The substitution of divalent cations is now known to have an effect on the substrate profile of Cj1416. Cj1416 can form a minimum of 12 unique reaction products from MnCTP. CDP-ethanolamine is a known natural product and is used in the formation of phosphatidylethanolamine, a common lipid and CDP-1-glycerol is used in teichoic acid biosynthesis.²³ CDP-2-glycerol is another known natural product from Streptococcus pneumonia.²⁴ Cj1416 is capable of forming all three of these natural products, two of which are unavailable commercially. Additionally CDP-serine, CDP-serinol and CDP-3-D-glycerate are all structurally similar to CDP-glycerol and may function as potential inhibitors or as mechanistic probes for enzymes that use CDP-glycerol. Another reaction catalyzed by Cj1416 and MnCTP is the formation of CDP from CTP and phosphate.

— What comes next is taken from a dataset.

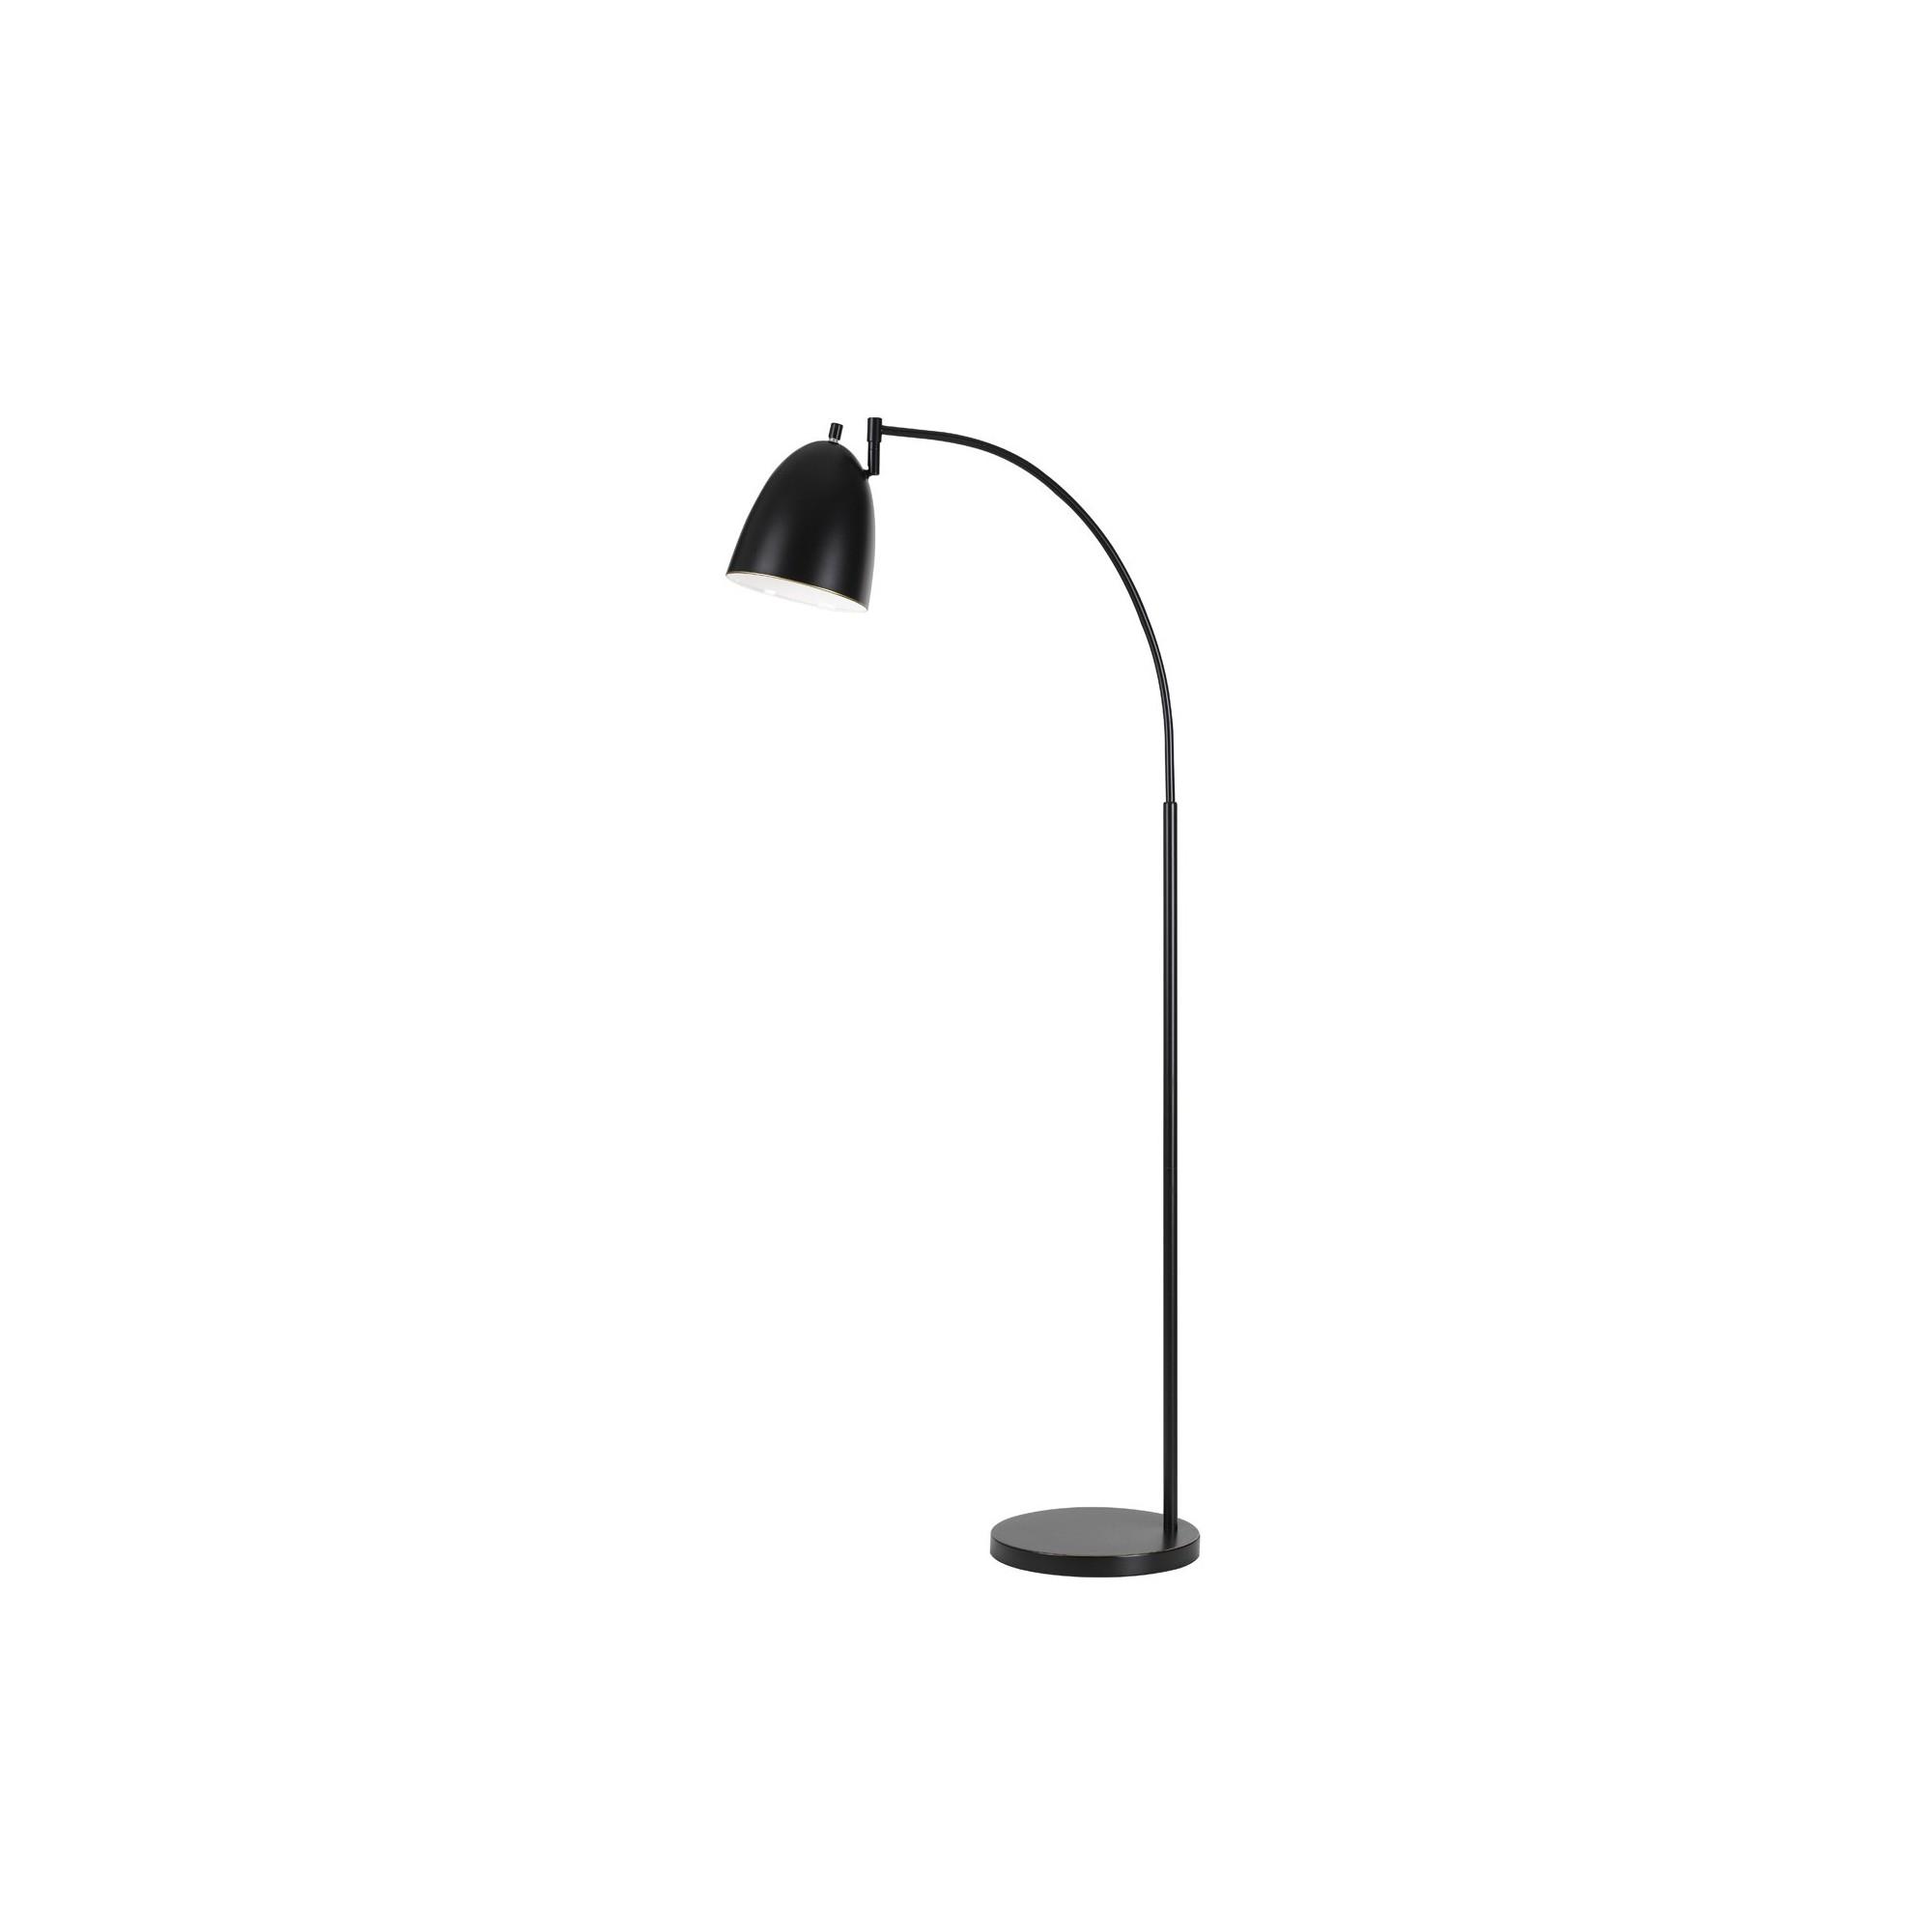 Floor lamp cal lighting floor lamps floor lamp and products floor lamp cal lighting floor lamps mozeypictures Choice Image

If ¹⁸O-labeled phosphate is used as an alternate substrate, Cj1416 can be used to form β-[¹⁸O₄]-CDP which can subsequently be used to synthesize β-[¹⁸O₄]-CTP. Typically, β-[¹⁸O₄]-CDP is made using morpholidate chemistry in dry DMSO with ¹⁸O-labeled phosphate. Labeled nucleotides of this type can be used to probe the details of enzyme-catalyzed reactions using the methodologies of positional isotope exchange (PIX) and molecular isotope exchange (MIX).